2. Sawyer has failed to show that he is actually innocent of the death penalty to which he has been sentenced. The psychological evidence allegedly kept from the jury does not relate to his guilt or innocence of the crime or to the aggravating factors found by thejury--that the murder was committed in the course of an aggravated arson, and that it was especially cruel, atrocious, or heinous--which made him eligible for the death penalty. Nor can it be said that had this evidence been before the jury a reasonable juror would not have found both of the aggravating factors. The evidence allegedly kept from the jury due to an alleged Brady violation also fails to show actual innocence. Latter day impeachment evidence seldom, if ever, makes a clear and convincing showing that no reasonable juror would have believed the heart of the witness' account.
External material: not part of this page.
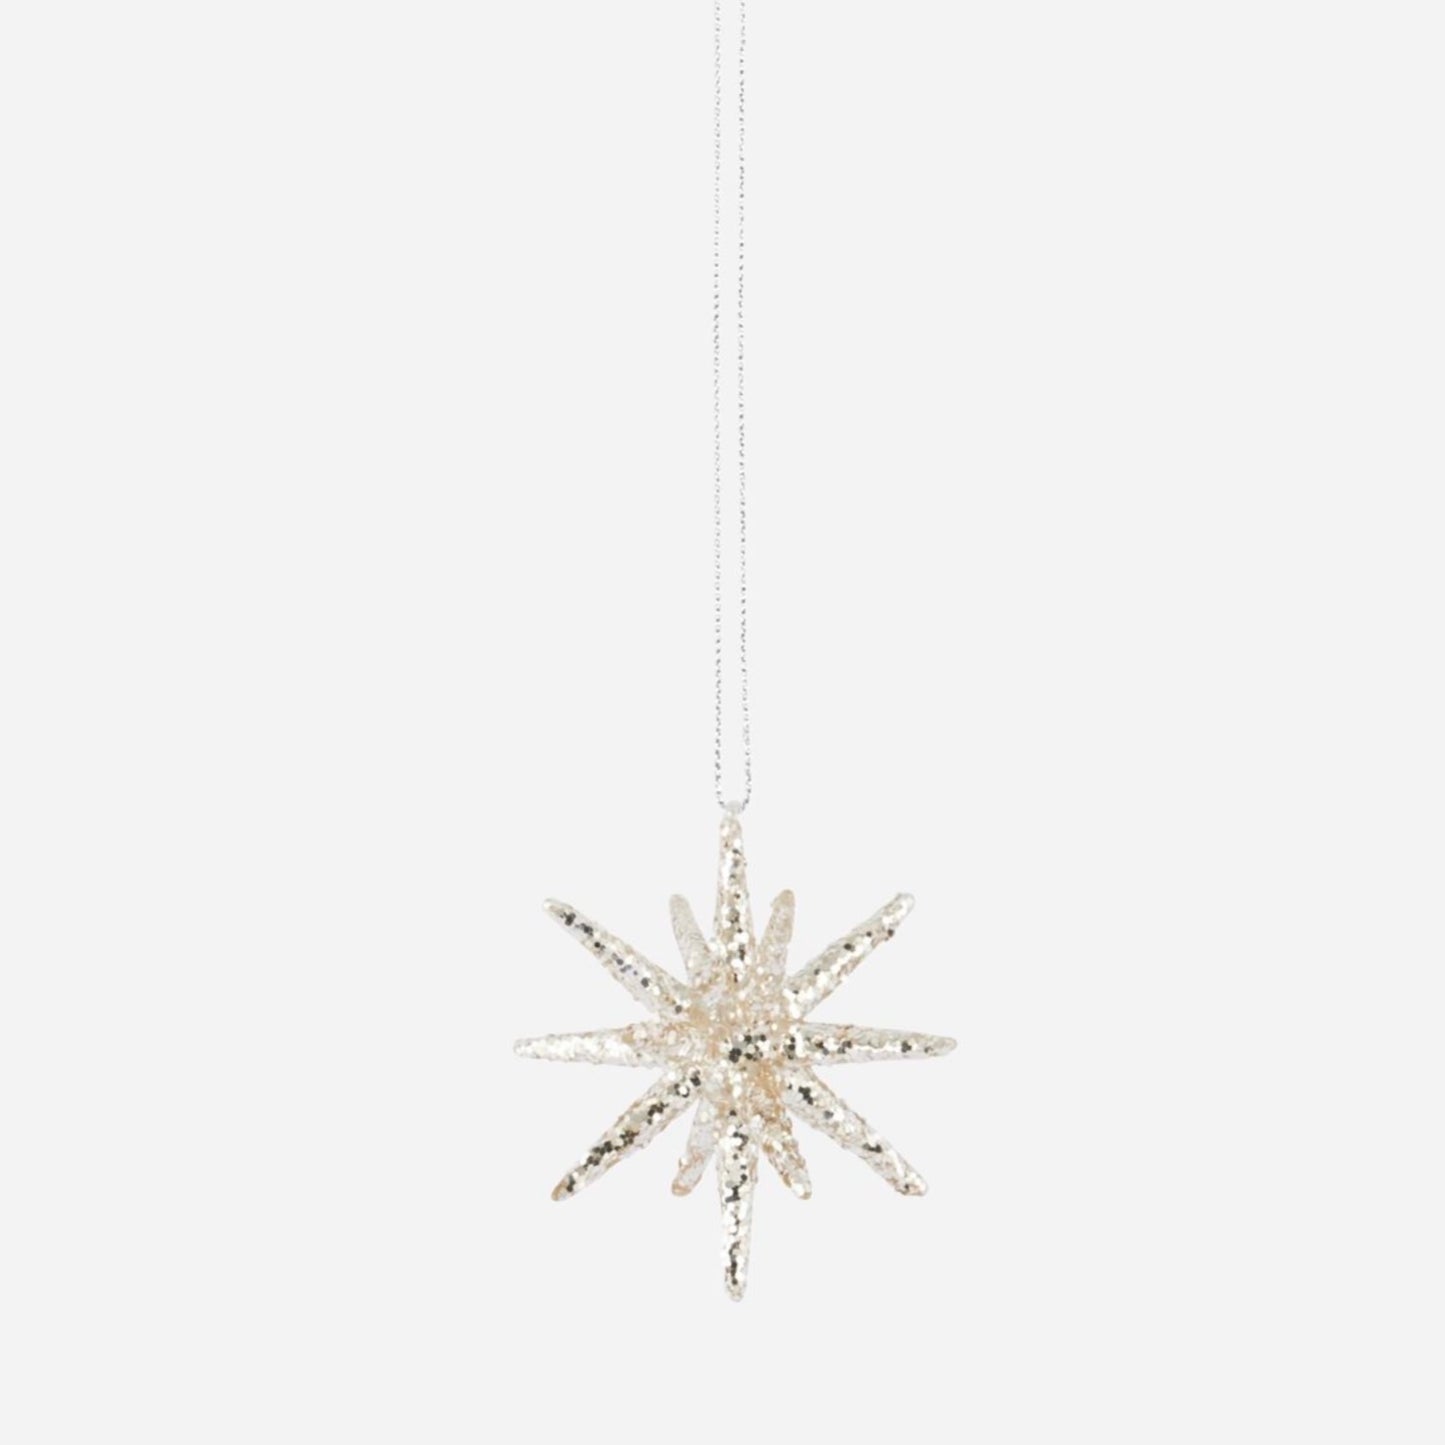 Glittery Star Ornament

While the statement that Sawyer did not set fire to the victim goes to the jury's finding of aggravated arson and, thus, to his guilt or innocence and the first aggravating circumstance, it fails to show that no rational juror would find both of the aggravating factors. The murder was especially cruel, atrocious, and heinous quite apart from the arson, and, even crediting the hearsay statement, it cannot be said that no reasonable juror would have found that he was guilty of the arson for his participation under Louisiana law. Pp. 13-16.
945 F. 2d 812, affirmed.
Rehnquist, C. J., delivered the opinion of the Court, in which White, Scalia, Kennedy, Souter, and Thomas, JJ., joined. Blackmun, J., filed an opinion concurring in the judgment. Stevens, J., filed an opinion concurring in the judgment, in which Blackmun and O'Connor, JJ., joined.